* _Requirement_: Down to the last line, reproduce the data that follows, but skip the pictures.

* _Data_:

+++

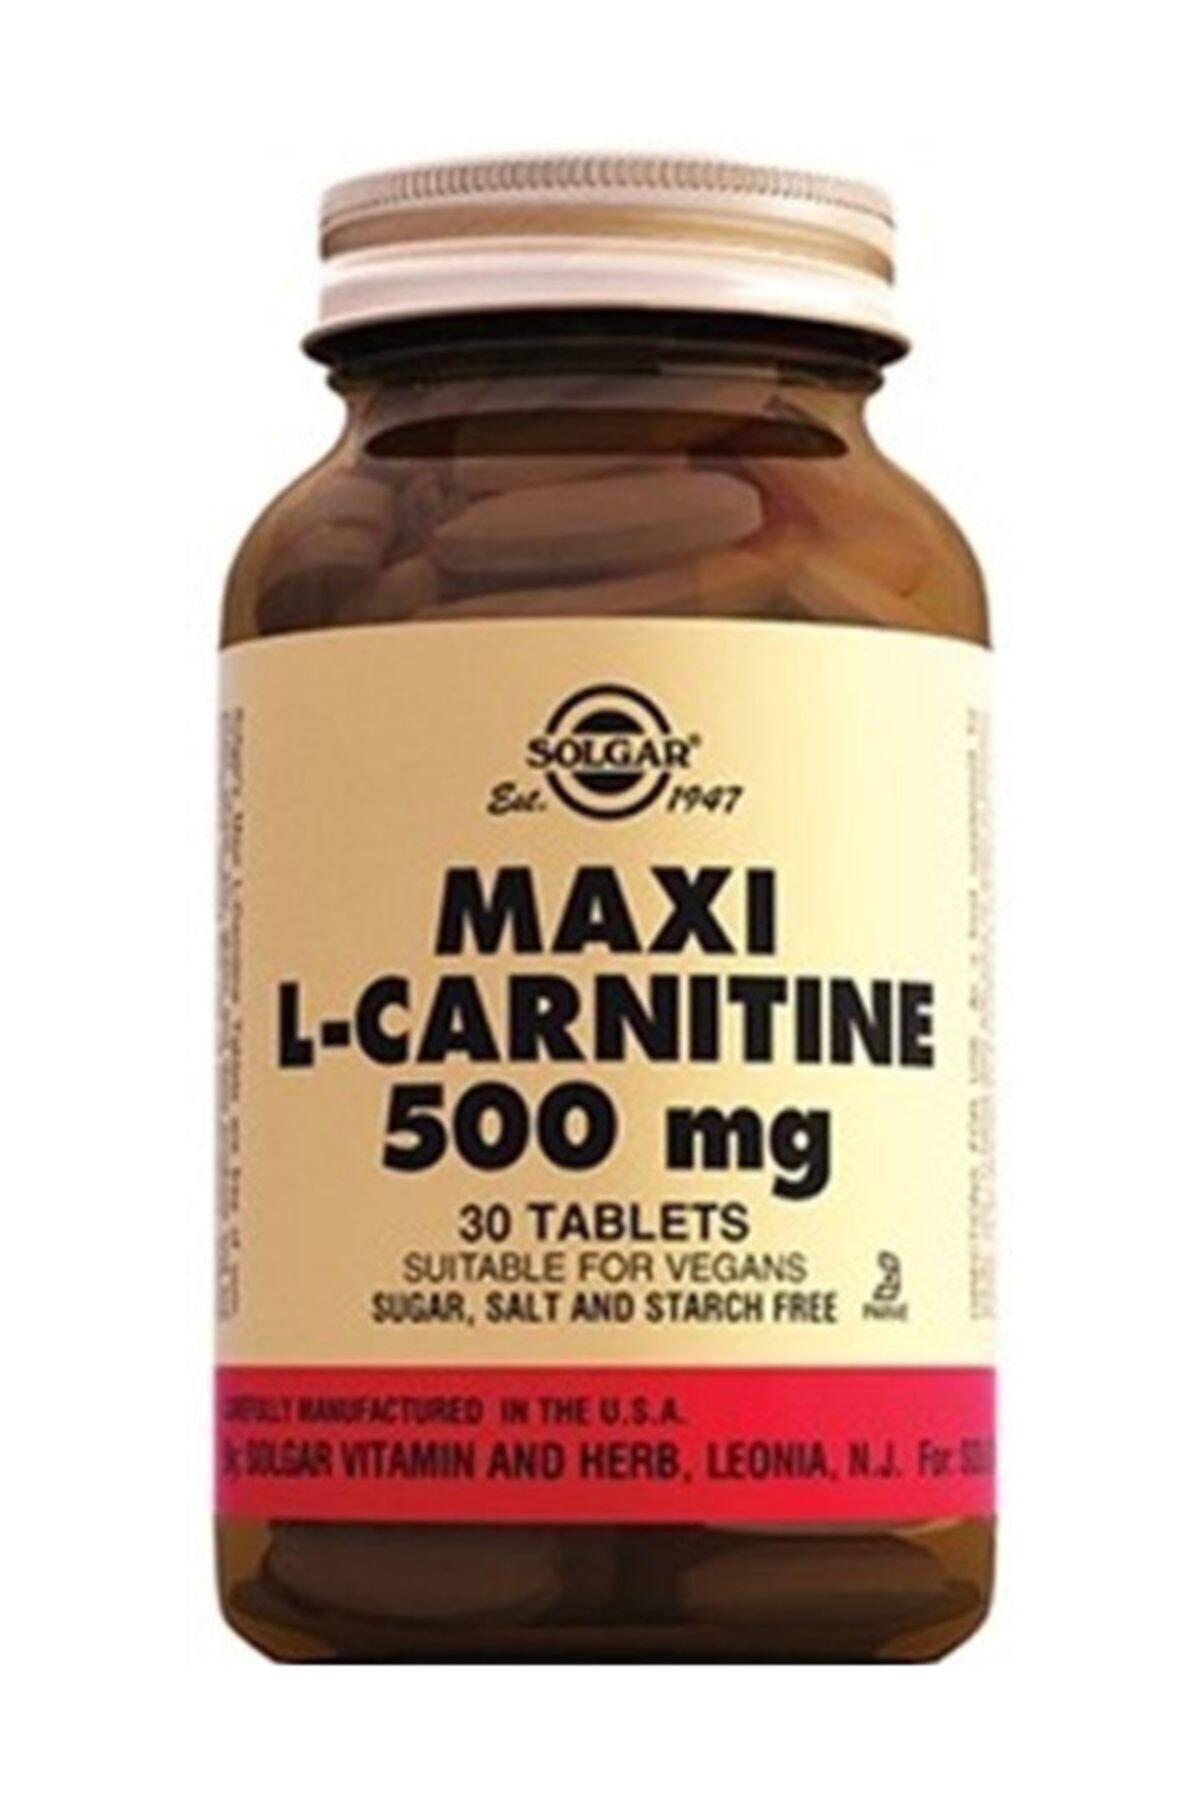 Solgar Maxi L-carnit 500 mg 30 Tb
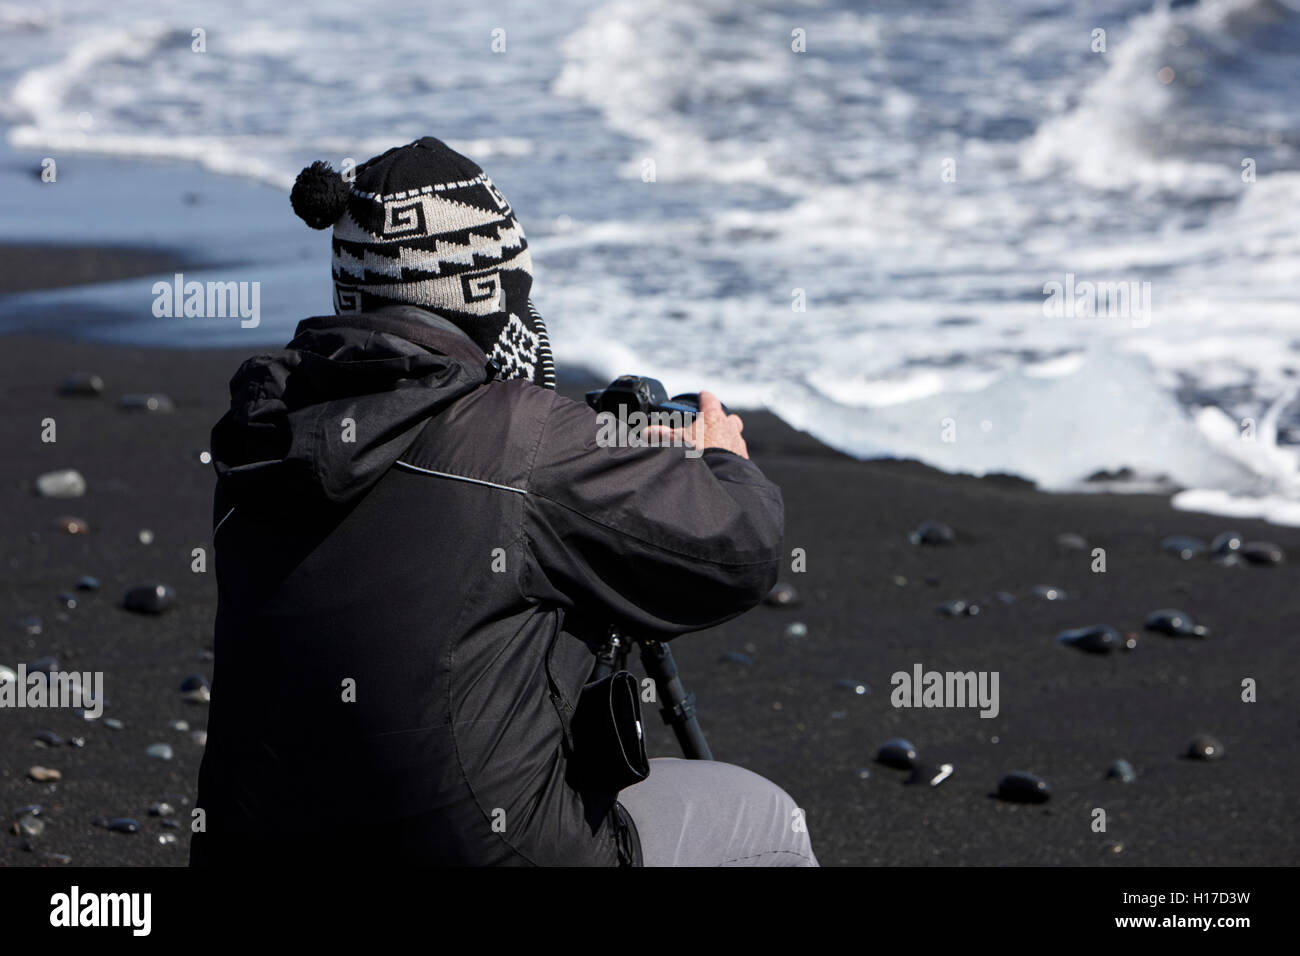 Photographe à prendre des photos de glace échoués sur la plage de sable noir à l'islande jokulsarlon Banque D'Images
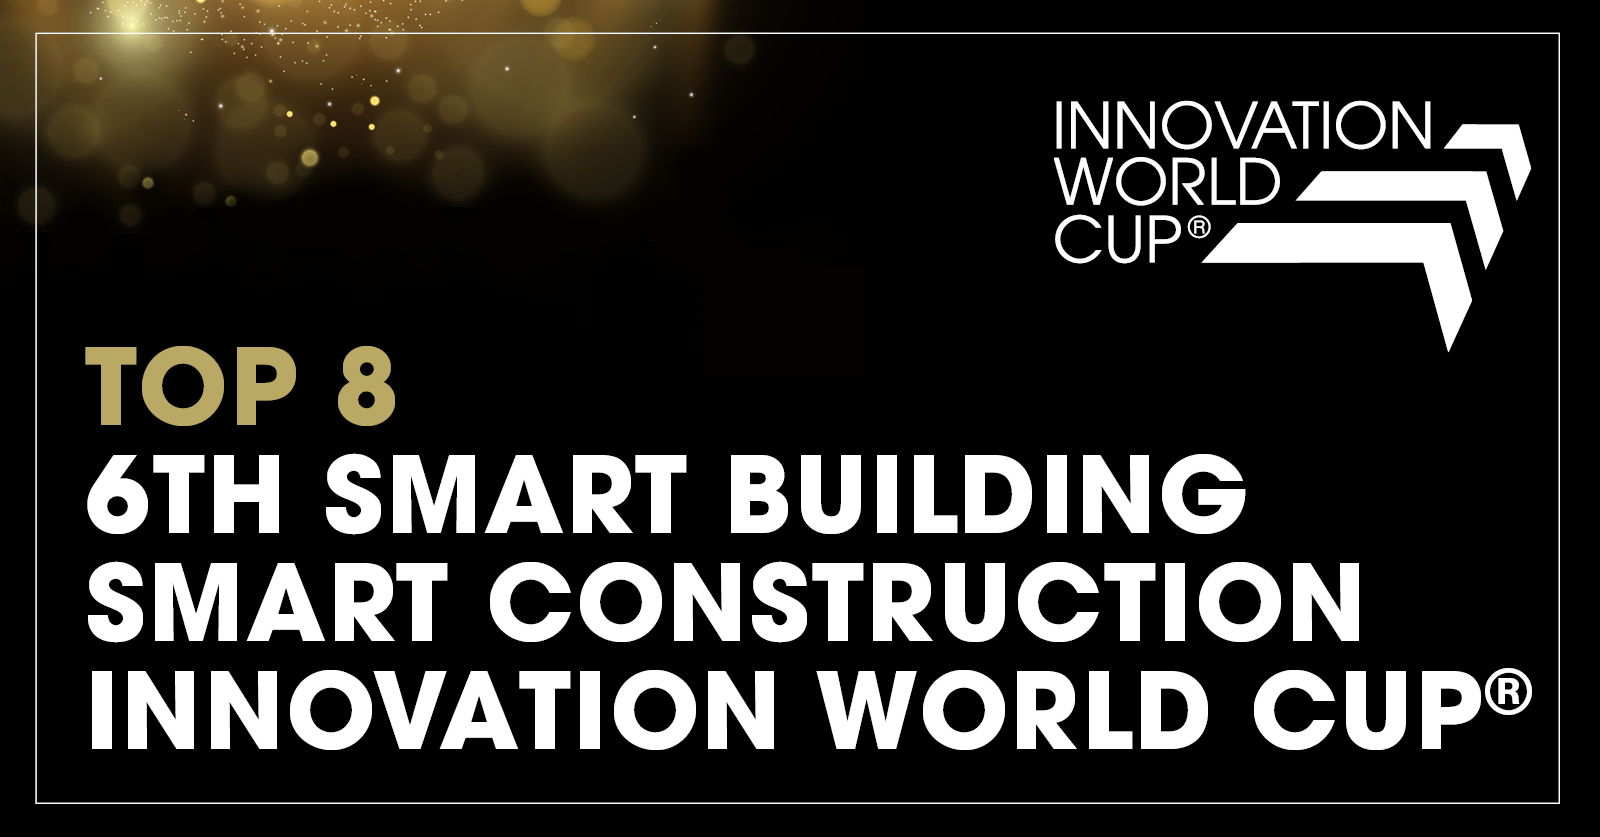 Na svetovnem prvenstvu v inovacijah © 2023 v Münchnu je bil evropski strokovnjak za HVAC Hysopt priznan kot eden vodilnih svetovnih inovatorjev pametnih zgradb in pametne gradnje.

+++

* _Answer box_:
 Solgar Maxi L-carnit 500 mg 30 Tb
 Photographe à prendre des photos de glace échoués sur la plage de sable noir à l'islande jokulsarlon Banque D'Images
 Na svetovnem prvenstvu v inovacijah © 2023 v Münchnu je bil evropski strokovnjak za HVAC Hysopt priznan kot eden vodilnih svetovnih inovatorjev pametnih zgradb in pametne gradnje.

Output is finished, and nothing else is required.